What are R and RStudio?

  • R is a programming language for statistical computing, data analytics, and scientific research. It is one of the most widely used languages by statisticians and researchers to manage, manipulate, analyze, and visualize data.
  • RStudio is an integrated development environment (IDE) for R that makes interaction with R easier — code completion, debugging, project management, plot viewing.
  • In 2022 RStudio was rebranded Posit to signal its move toward language-agnostic tooling.

In order to use RStudio, you need to have R installed. RStudio is just the interface.
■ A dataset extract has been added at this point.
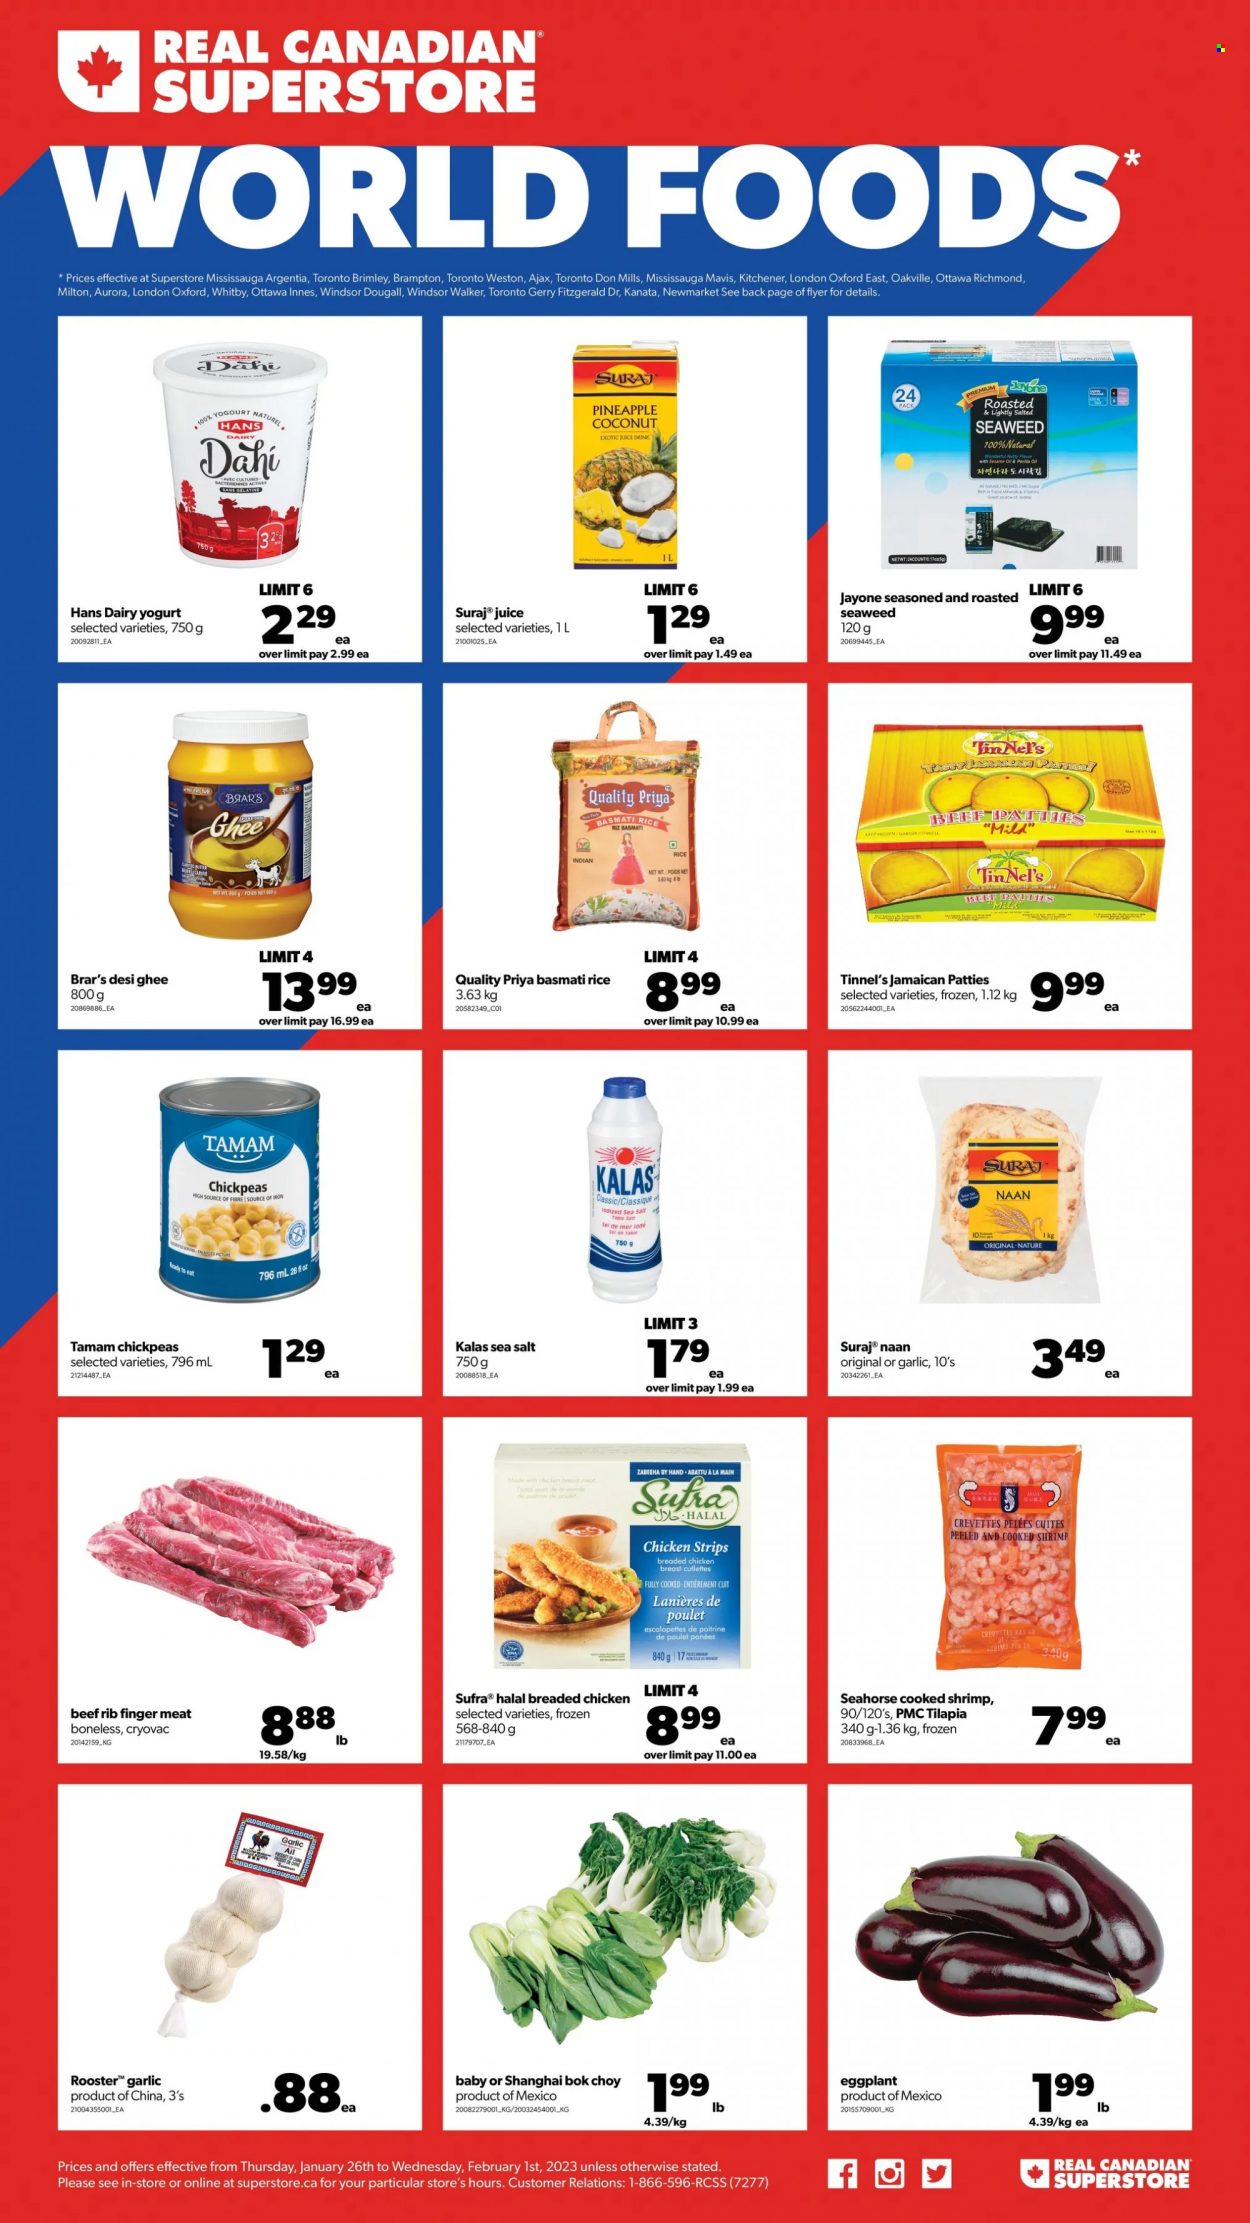 Real Canadian Superstore Flyer - January 26, 2023 - February 01, 2023 - Sales products - bok choy, garlic, eggplant, pineapple, coconut, tilapia, shrimps, fried chicken, yoghurt, ghee, strips, chicken strips, seaweed, Priya, basmati rice, rice, chickpeas, juice, chicken meat, Ajax. Page 1.

R does the actual computing.

Installing R and RStudio

  1. Go to https://cran.r-project.org/ and click Download R for Windows / macOS.
  2. Click base subdirectory.
  3. Click Download R-x.x.x for Windows and run the .exe. Accept defaults.
  4. Go to https://posit.co/download/rstudio-desktop and click Download RStudio.
  5. Run the RStudio installer.

RStudio interface

Three main panes when you open RStudio:

  1. Console — where R code is executed.
  2. Global Environment / History — your in-memory objects.
  3. Files / Plots / Packages / Help / Viewer — the swiss-army-knife pane.
  4. Script Editor — where you write and save your R scripts.

Writing code in RStudio

  • Load and save .R scripts.
  • Keeps a record of your analysis — show others how it was run, repeat later.
  • Edit code without accidentally running it.
  • Where R code is executed.
  • You can also run code interactively here, but it is NOT saved on disk.
  • See output and errors directly.

Write and run code through the Script Editor. Use the Console only for quick exploration.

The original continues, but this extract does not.